5. Implementation Recommendations for the NCCoE Practice Guide:

  • Include a Healthcare Reference Architecture: We urge the NCCoE to develop a reference architecture demonstrating an AI Agent API Gateway that enforces scoped, short-lived credentials for EHR access.
  • Define “Human-in-the-Loop” Binding: Standardize how an OIDC identity token can cryptographically bind an autonomous agent’s actions to a specific physician’s authorization scope.
  • Require Immutable Intent Manifests: Recommend that high-risk agents generate signed “intent manifests” prior to executing actions, allowing anomaly detection engines to block scope escalation before PHI is exfiltrated.
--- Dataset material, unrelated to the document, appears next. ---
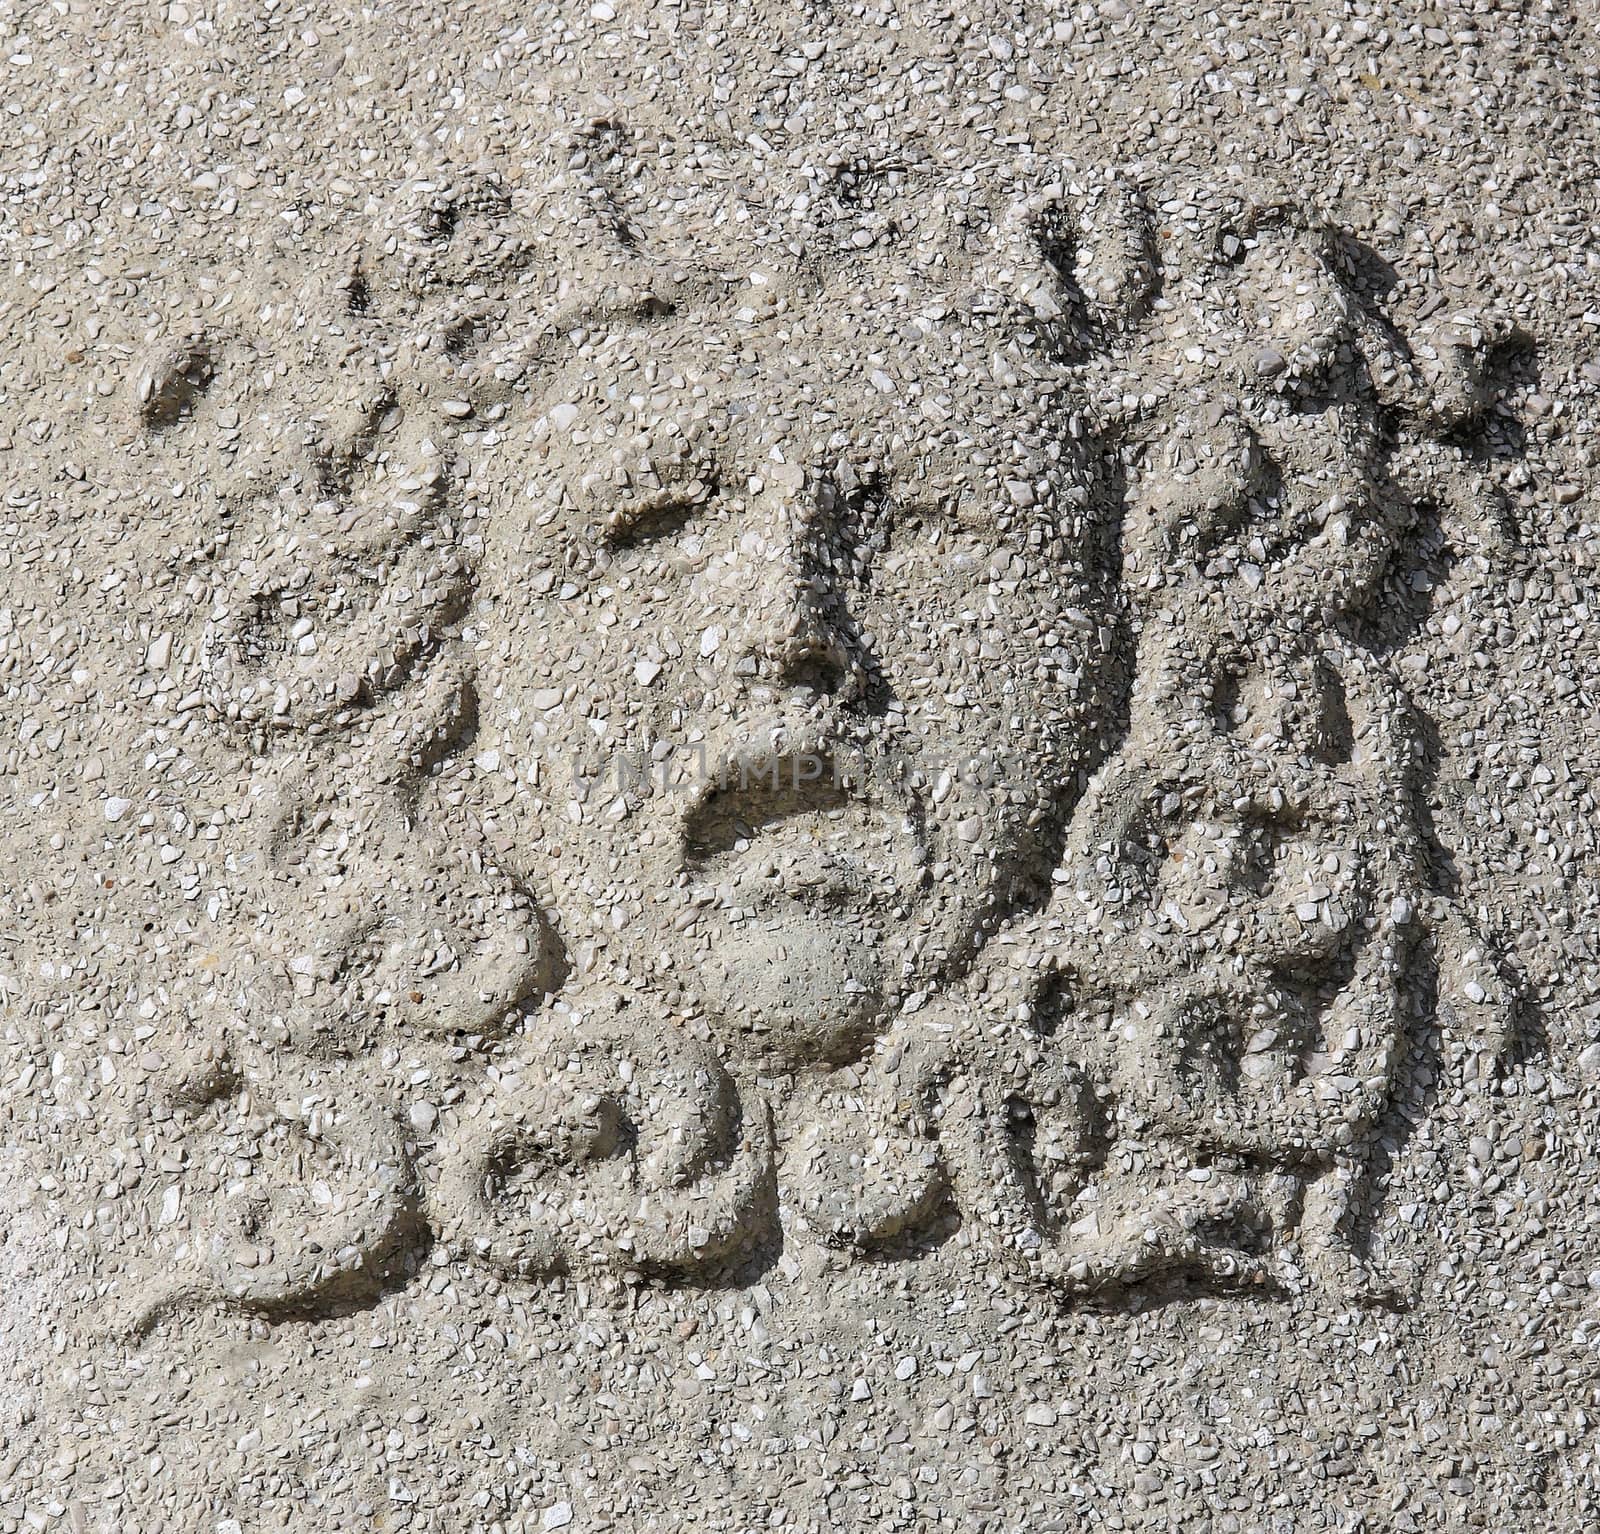 stone face3 by gallofoto

Why This Specific Framing Works

I read the full 20-page NCCoE draft. Here is why this template hits their exact criteria:

  1. They asked for enterprise use cases: HTI-5 provides a massive, immediate regulatory collision that demands their attention.
  2. They asked about delegation: The “Human-in-the-Loop Binding” point directly answers their question about how to link an agent’s identity to a human user (OAuth act claim).
  3. They asked about standards: Bridging SMART on FHIR with their proposed SPIFFE/OAuth 2.1 stack shows that we are thinking about actual integration, not just theory.

Stop debating the theory. Send the email. We have until April 2. Let’s make sure the resulting NIST framework actually survives contact with the real world.